A new malware campaign, originating from the wp3[.]xyz domain, has targeted more than 5,000 WordPress sites worldwide, facilitating admin account creation, malicious plugin injections, and data theft, according to BleepingComputer.
The attack leverages a script retrieved from the wp3[.]xyz domain, allowing cybercriminals to create deceptive admin accounts and install an information-stealing plugin. This plugin is designed to extract sensitive data such as admin credentials and activity logs, revealed a report by web security firm c/side.
Although the initial method of compromise remains unclear, researchers urge site administrators to take the following steps to safeguard their WordPress sites:
- Strengthen Security Defenses: Deploy firewalls and block access to the wp3[.]xyz domain.

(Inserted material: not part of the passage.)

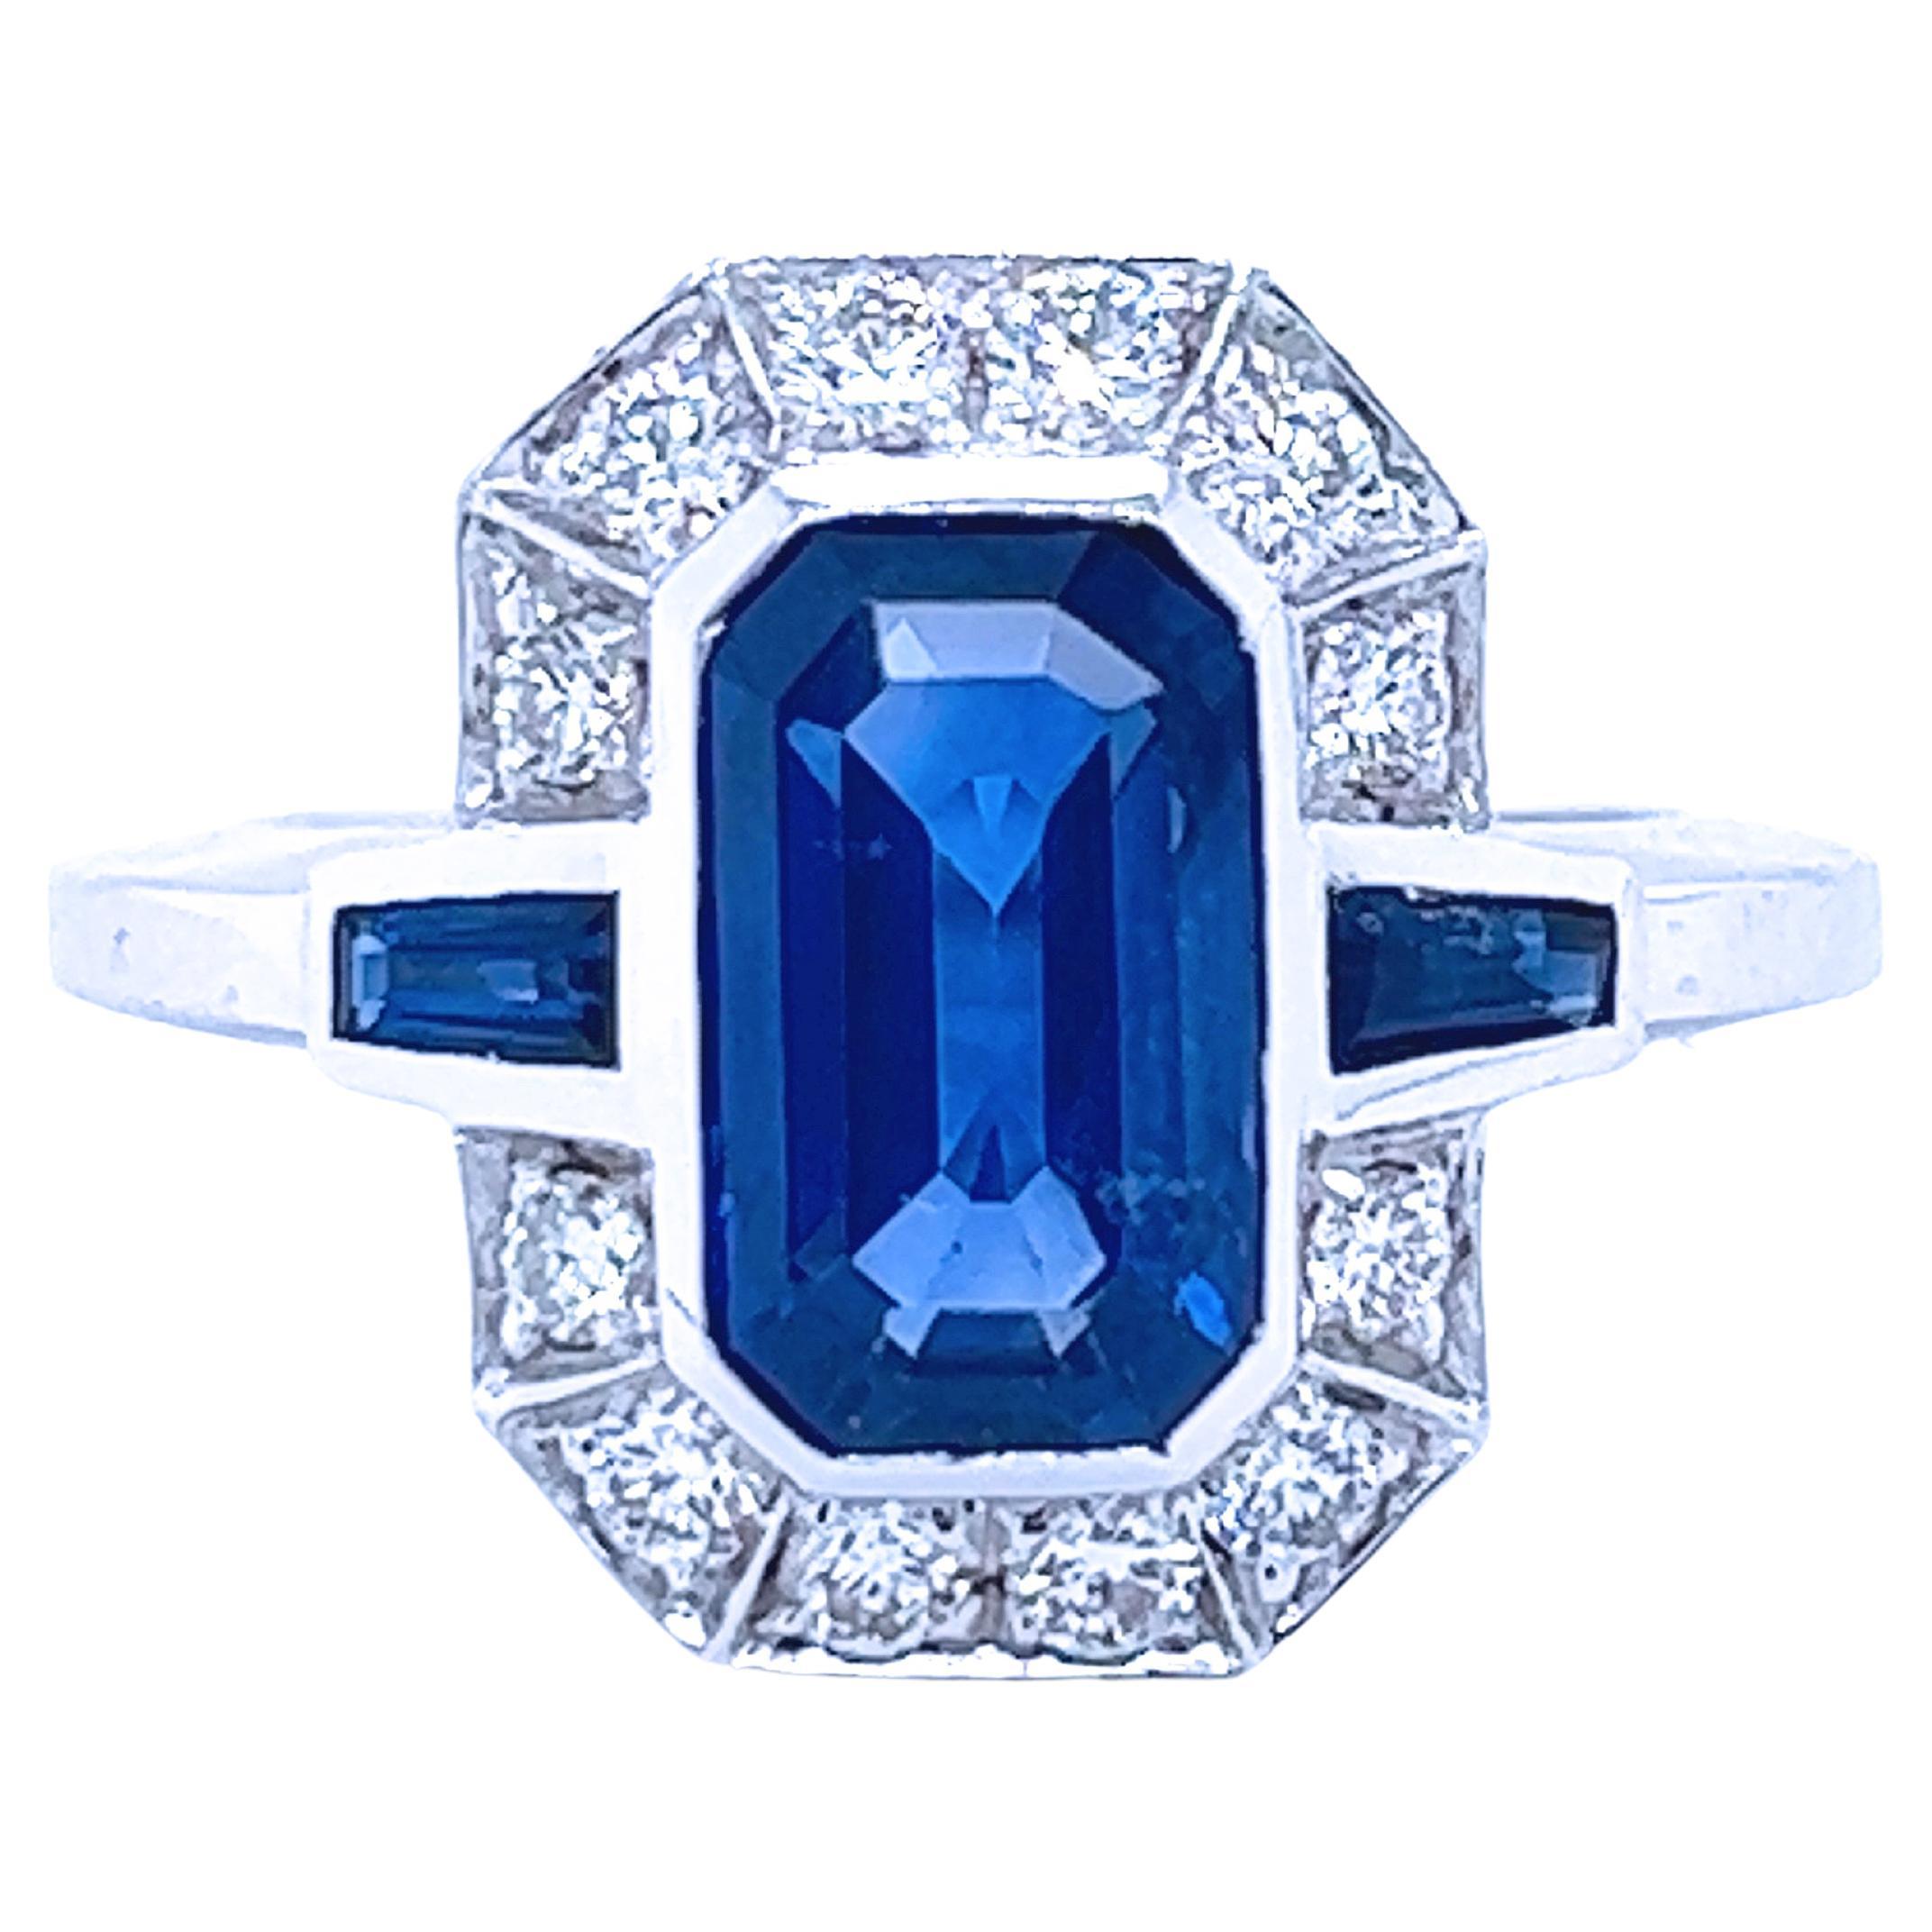 Berca 3.17kt Igi Certified Royal Blue Sapphire Emerald Cut Diamond Ring

- Audit Privileged Accounts and Plugins: Evaluate admin accounts and installed plugins for any signs of suspicious activity.
- Fortify Against CSRF Attacks: Implement server-side validation, unique token generation, and periodic regeneration to mitigate cross-site request forgery risks.
- Enable Multi-Factor Authentication (MFA): Add an extra layer of security to prevent unauthorized access.
This alarming campaign serves as a reminder for website administrators to stay vigilant, ensure regular updates, and adopt robust security practices to mitigate such threats.